INFO - 2021-08-30 16:38:07,138 - __init__ - Enabling RDKit 2021.03.3 jupyter extensions


In [3]:
from utils import show_molecule_idx
from utils import AlignShow, translate_and_rotate

In [4]:
from rdkit.Chem.Scaffolds import MurckoScaffold as MS

In [5]:
path = "ligands/CDK2"
files = [os.path.join(path, f) for f in os.listdir(path) if os.path.splitext(f)[-1] == ".pcd" and os.path.splitext(f)[0][-4:] == "tran"]

# Order ligands
# This should make the three chemical series pop-up in the PCD fit
names = {
    "4ek4_B_1CK": "CS1",
    "4ek5_B_03K": "CS3",
    "4fkg_B_4CK": "CS4",
    "4fki_B_09K": "CS9",
    "4fkj_B_11K": "CS11",
    "3sw4_B_18K": "CS18",
    "3sw7_B_19K": "CS19",
    "4fko_B_20K": "CS20",
    "4fkp_B_LS5": "CS241",
    "4fkq_B_42K": "CS242",
    "4fkr_B_45K": "CS245",
    "4fks_B_46K": "CS246",
    "4fkt_B_48K": "CS248",
    "4fku_D_60K": "CS260",
    "4fkv_B_61K": "CS261",
    "4fkw_B_62K": "CS262",
}

files.sort(key=lambda f: int(names[os.path.splitext(os.path.basename(f))[0].replace("_tran", "")].replace("CS", "")))

print(files)

pcds = []
mols = []
for f in files:
    pcd = o3d.io.read_point_cloud(f)
    pcds.append(pcd)

    s = Chem.SDMolSupplier(f.replace(".pcd", ".sdf"))
    mol = next(s)
    mols.append(mol)

['ligands/CDK2/4ek4_B_1CK_tran.pcd', 'ligands/CDK2/4ek5_B_03K_tran.pcd', 'ligands/CDK2/4fkg_B_4CK_tran.pcd', 'ligands/CDK2/4fki_B_09K_tran.pcd', 'ligands/CDK2/4fkj_B_11K_tran.pcd', 'ligands/CDK2/3sw4_B_18K_tran.pcd', 'ligands/CDK2/3sw7_B_19K_tran.pcd', 'ligands/CDK2/4fko_B_20K_tran.pcd', 'ligands/CDK2/4fkp_B_LS5_tran.pcd', 'ligands/CDK2/4fkq_B_42K_tran.pcd', 'ligands/CDK2/4fkr_B_45K_tran.pcd', 'ligands/CDK2/4fks_B_46K_tran.pcd', 'ligands/CDK2/4fkt_B_48K_tran.pcd', 'ligands/CDK2/4fku_D_60K_tran.pcd', 'ligands/CDK2/4fkv_B_61K_tran.pcd', 'ligands/CDK2/4fkw_B_62K_tran.pcd']


In [6]:
_ = widgets.interact(lambda index: show_molecule_idx(index, mols), index=widgets.IntSlider(min=0, max=len(mols)-1, step=1, value=1))
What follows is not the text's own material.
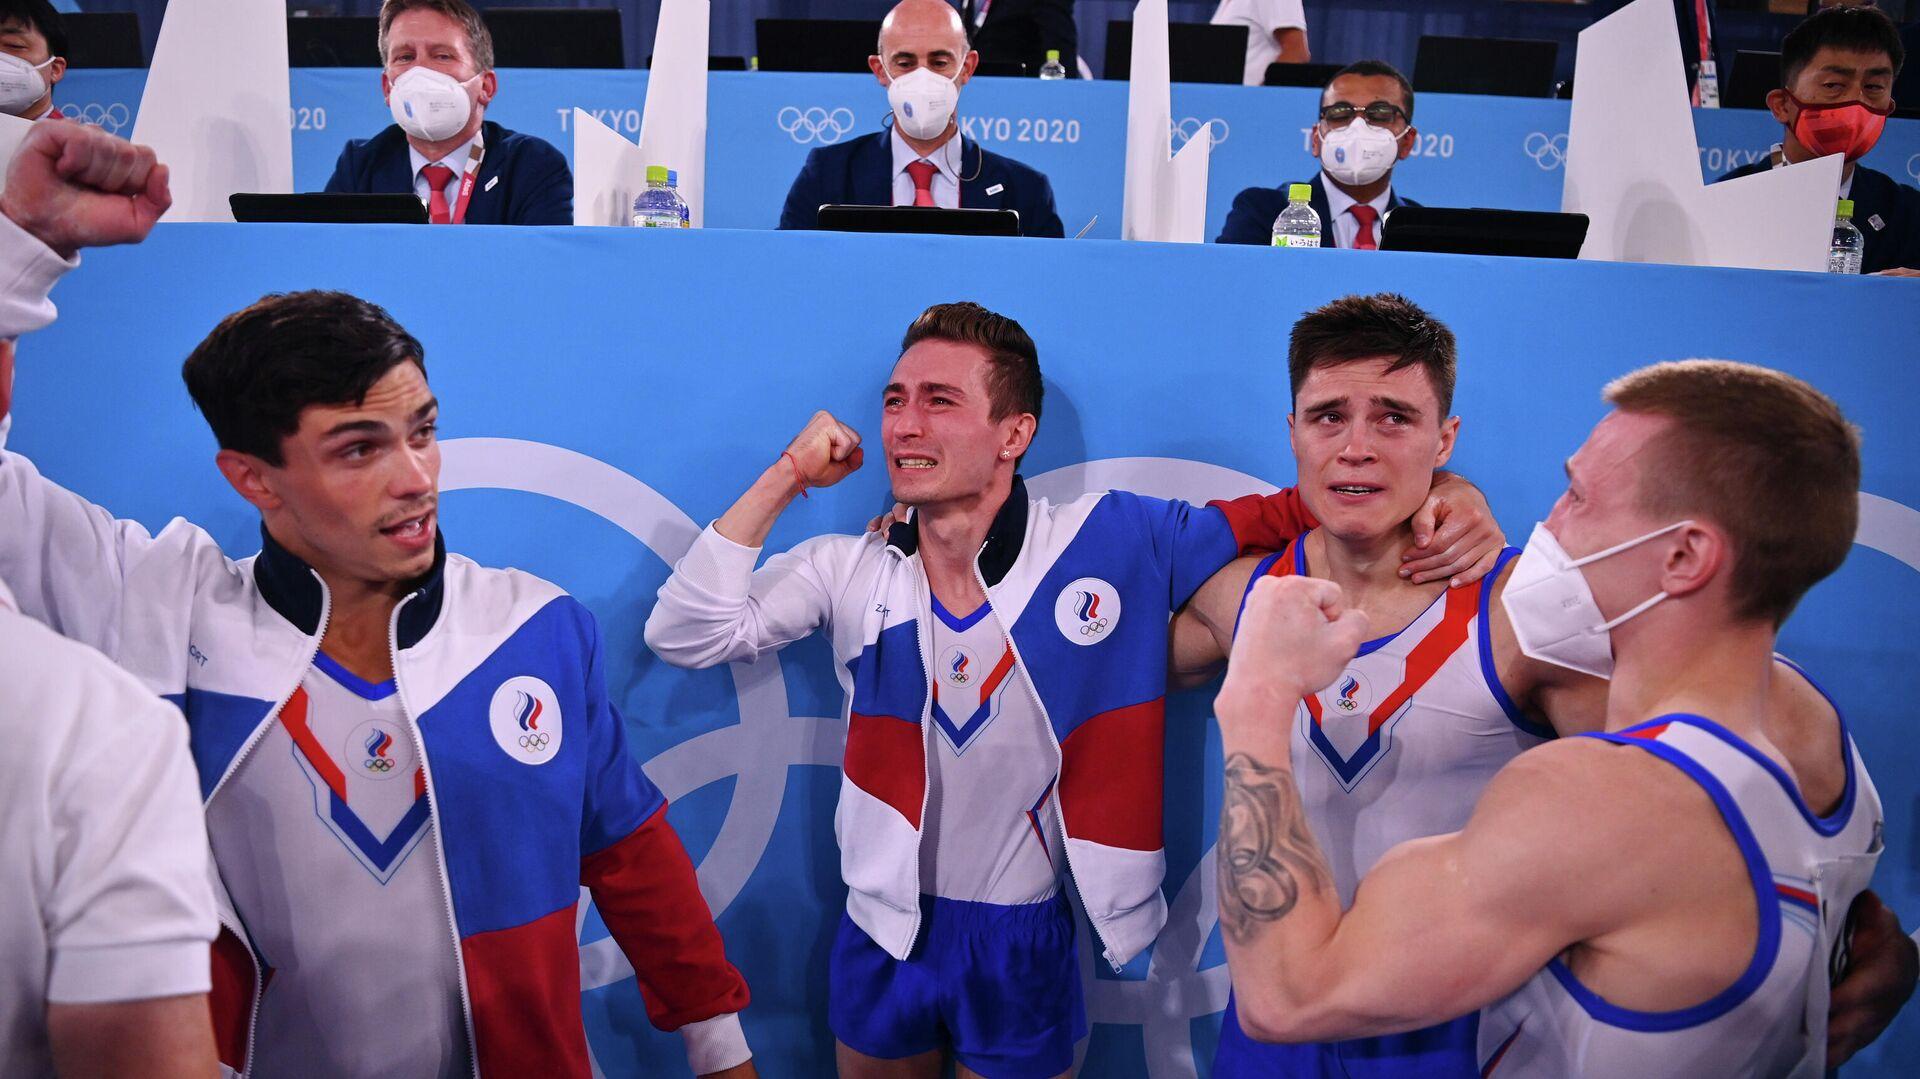 Российские гимнасты после победы на Олимпийских играх в Токио - РИА Новости, 1920, 26.07.2021
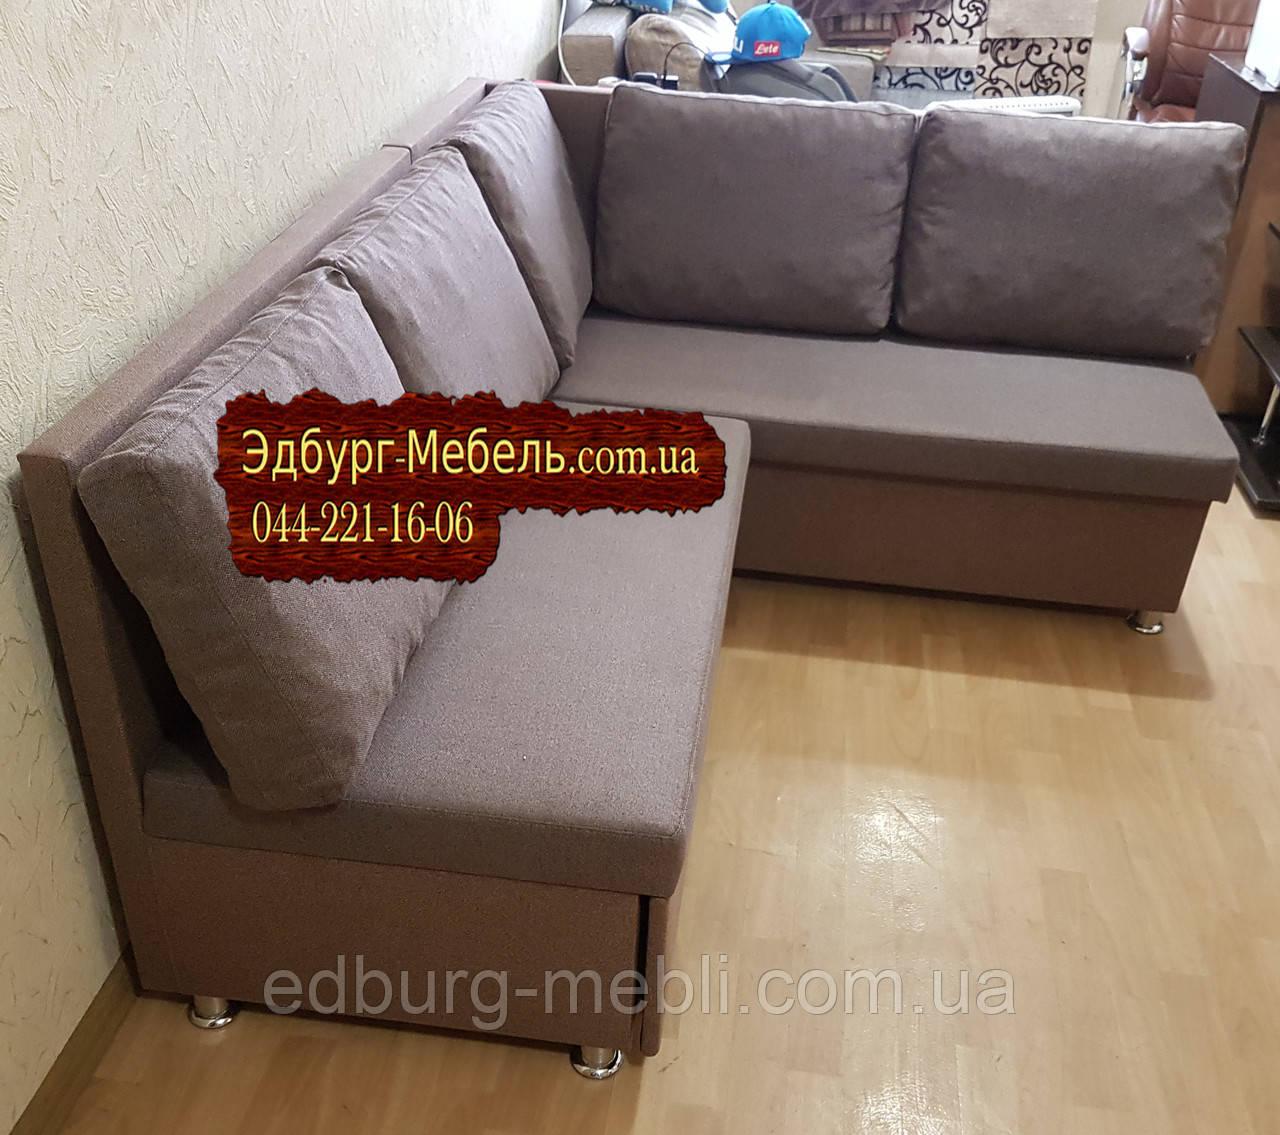 Кухонний диван «Прометей» з великими зручними подушками 1500х1800мм

interactive(children=(IntSlider(value=1, description='index', max=15), Output()), _dom_classes=('widget-intera…

In [7]:
msMols = [MS.GetScaffoldForMol(mol) for mol in mols]

In [8]:
_ = widgets.interact(lambda index: show_molecule_idx(index, msMols), index=widgets.IntSlider(min=0, max=len(mols)-1, step=1, value=1))

interactive(children=(IntSlider(value=1, description='index', max=15), Output()), _dom_classes=('widget-intera…

Write scaffolds to file:

In [9]:
for idx, mol in enumerate(msMols):    
    # Randomly translate and rotate Murcko scaffolds
    translate_and_rotate(mol)

    with Chem.SDWriter(os.path.join(path, f"murcko_{idx}.sdf")) as w:
        w.write(mol, confId=0)

In [10]:
n_mols_minus_one = len(mols) - 1

In [11]:
%%bash -s "$path" "$n_mols_minus_one"

# Python variable path passed to bash
# Can be accessed with $1

# Python variable n_frags passed to bash
# Can be accessed with $2

# Unfortunately molgrid does not work well with pybel
# molgrid_to_pcd needs to run within a Singularity container
# (RDKit and molgrid compiled from source!)
# See https://github.com/gnina/libmolgrid/issues/62

for SCAFFOLD in $(seq 0 $2)
do
    singularity run --nv --app python ../development/densitymatch.sif \
        ../molgrid_to_pcd.py ${PWD}/${1}/murcko_${SCAFFOLD}.sdf -o ${PWD}/${1}/murcko_${SCAFFOLD}.pcd \
            --ligmap ${PWD}/../files/ligmap
done

In [12]:
!ls ligands/CDK2 | grep "murcko.*\.pcd"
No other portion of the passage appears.